Web Farm and Web Garden

Web Farm

This is the case where you have only one web server and multiple clients requesting for resources from the same server. But when are is huge amount of incoming traffic for your web sites, one standalone server is not sufficient to process the request. You may need to use multiple servers to host the application and divide the traffic among them. This is called “Web Farm”. So when you are hosting your single web site on multiple web servers over load balancer is called “Web Farm”. The below diagram shows the overall representation of Web Farms.
Web Farms
In general web farm architecture, a single application is hosted on multiple IIS Server and those are connected with the VIP (Virtual IP) with Load Balancer. Load Balancer IPs are exposed to external world to access. So whenever some request will come to server from clients, it will first hit the Load Balancer, then based on the traffic on each server, LB distributes the request to the corresponding web server. These web servers may share the same DB server or may be they can use a replicated server in the back end.
So, in a single statement, when we host a web application over multiple web servers to distribute the load among them, it is called Web Farm.

Web Garden

Now, let’s have a look at what is Web Garden? Both the terms sound the same, but they are totally different from each other. Before starting with Web Garden, I hope you have a fundamental idea of what an Application Pool is and what a Worker Process is. If you have already read the article, “How IIS Processes ASP.NET Request ?”, then I can expect that you now have a good idea about both of them.
Just to recall, when we are talking about requesting processing within IIS, Worker Process (w3wp.exe) takes care of all of these. Worker Process runs the ASP.NET application in IIS. All the ASP.NET functionality inside IIS runs under the scope of worker process. Worker Process is responsible for handling all kinds of request, response, session data, cache data. Application Pool is the container of worker process. Application pool is used to separate sets of IIS worker processes and enables a better security, reliability, and availability for any web application.
apppools
Now, by default, each and every Application pool contains a single worker process. Application which contains the multiple worker process is called “Web Garden”. Below is the typical diagram for a web garden application.
WebGarden Basic
In the above diagram, you can see one of the applications containing the multiple worker processes, which is now a web garden.
So, a Web application hosted on multiple servers and access based on the load on servers is called Web Farms and when a single application pool contains multiple Worker processes, it is called a web garden.

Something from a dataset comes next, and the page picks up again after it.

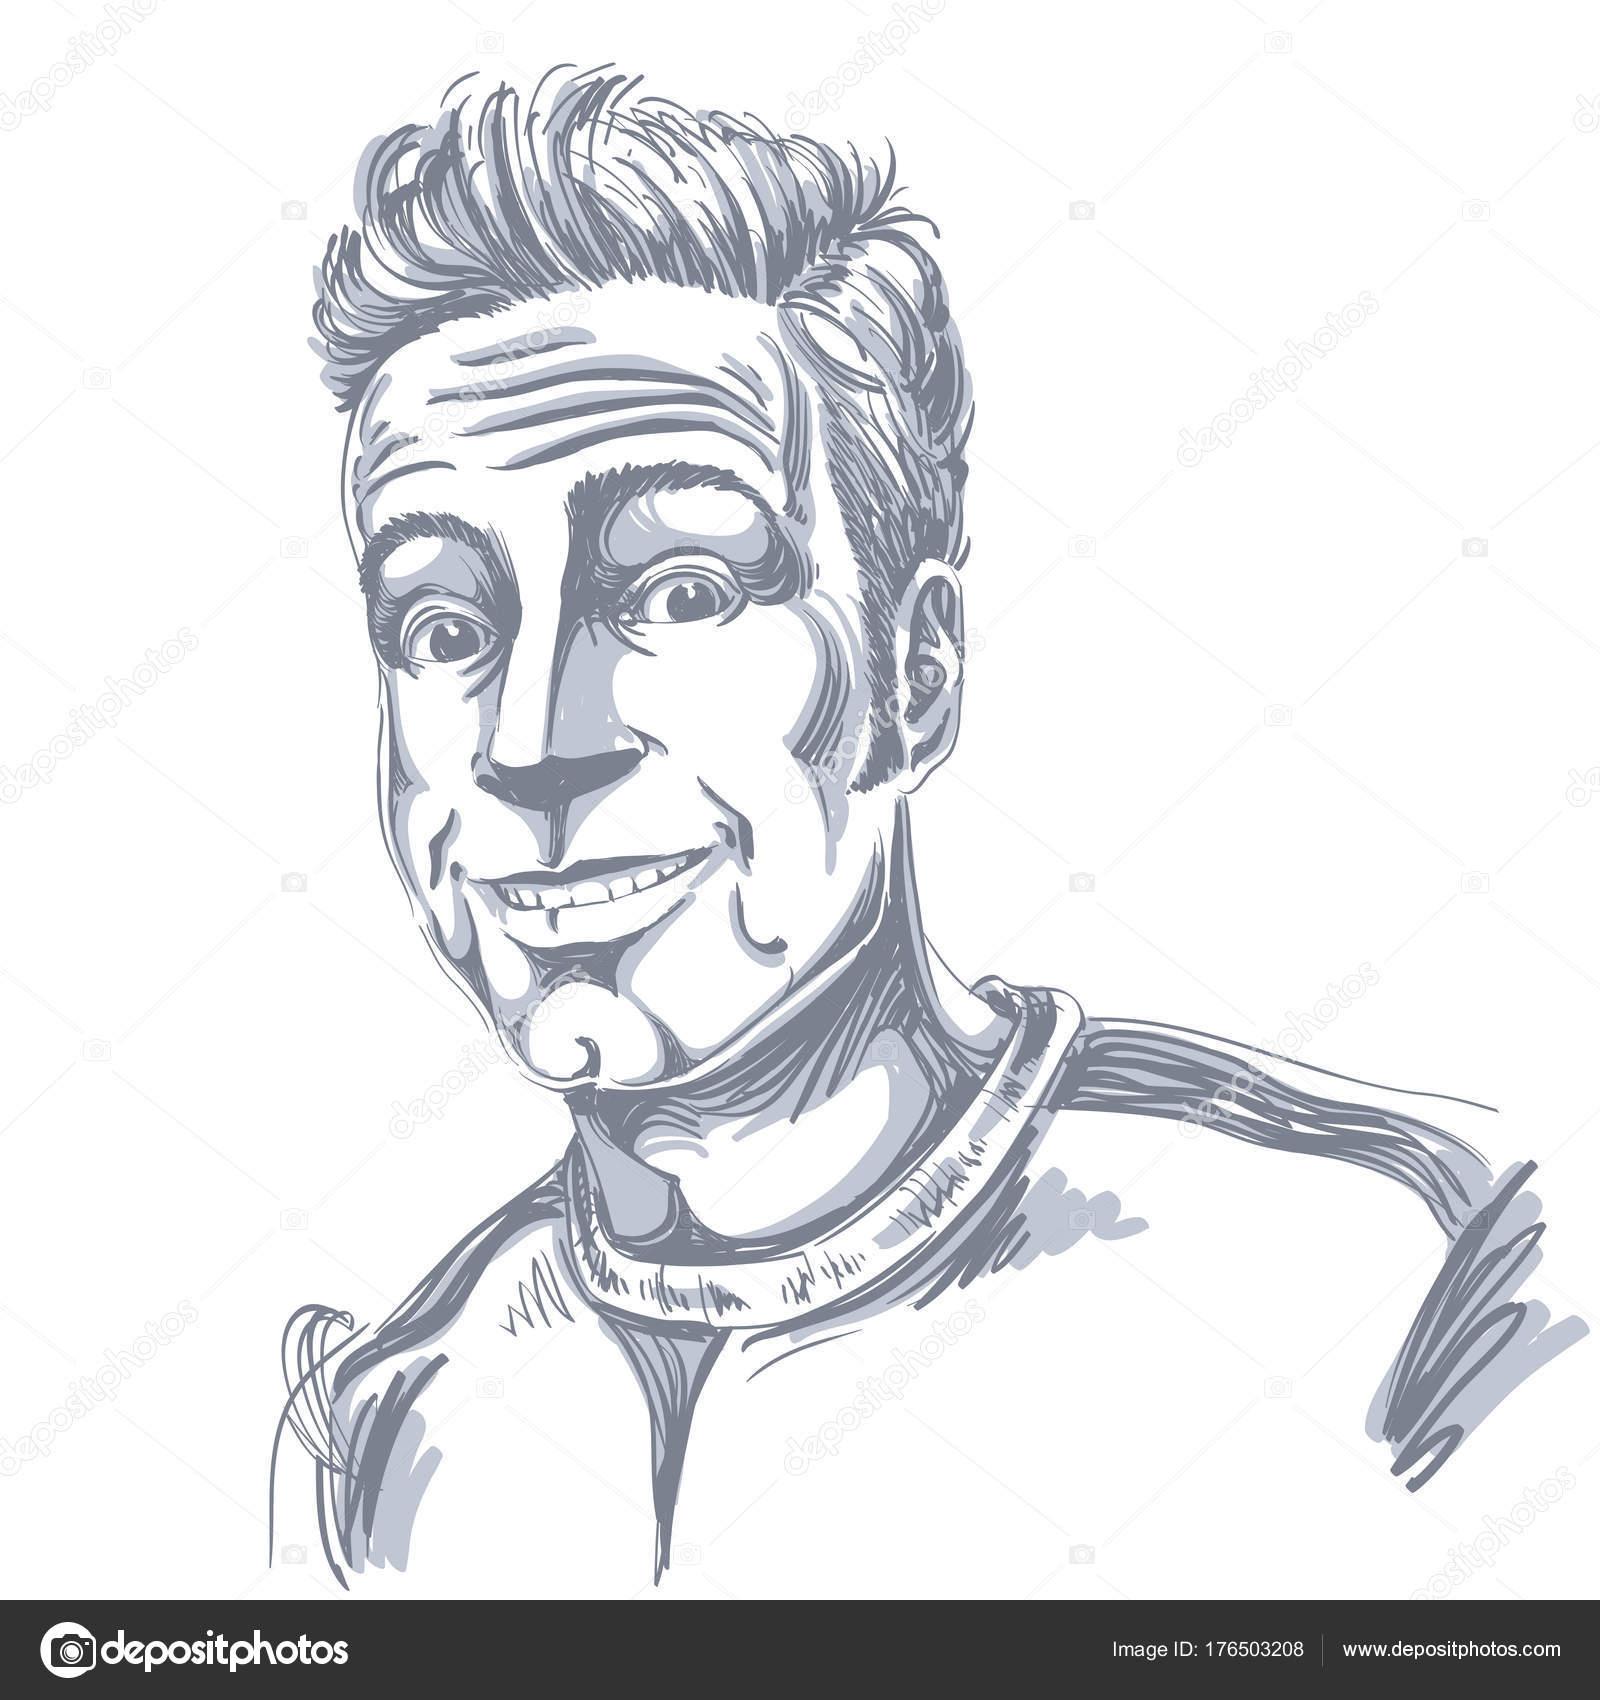 自信を持って男性を笑顔のベクトルの手描きイラスト 陽気な男の顔を表現

Advantages of Web Farm and Web Garden

Now, let’s have a look into the advantages of both the Web Farms and Web Gardens.

Advantages of Web Farm

  • It provides high availability. If any of the servers in the farm goes down, Load balancer can redirect the requests to other servers.
  • Provides high performance response for client requests.
  • Provides better scalability of the web application and reduces the failure of the application.
  • Session and other resources can be stored in a centralized location to access by all the servers.

Advantages of Web Garden

  • Provides better application availability by sharing requests between multiple worker process.
  • Web garden uses processor affinity where application can be swapped out based on preference and tag setting.
  • Less consumption of physical space for web garden configuration.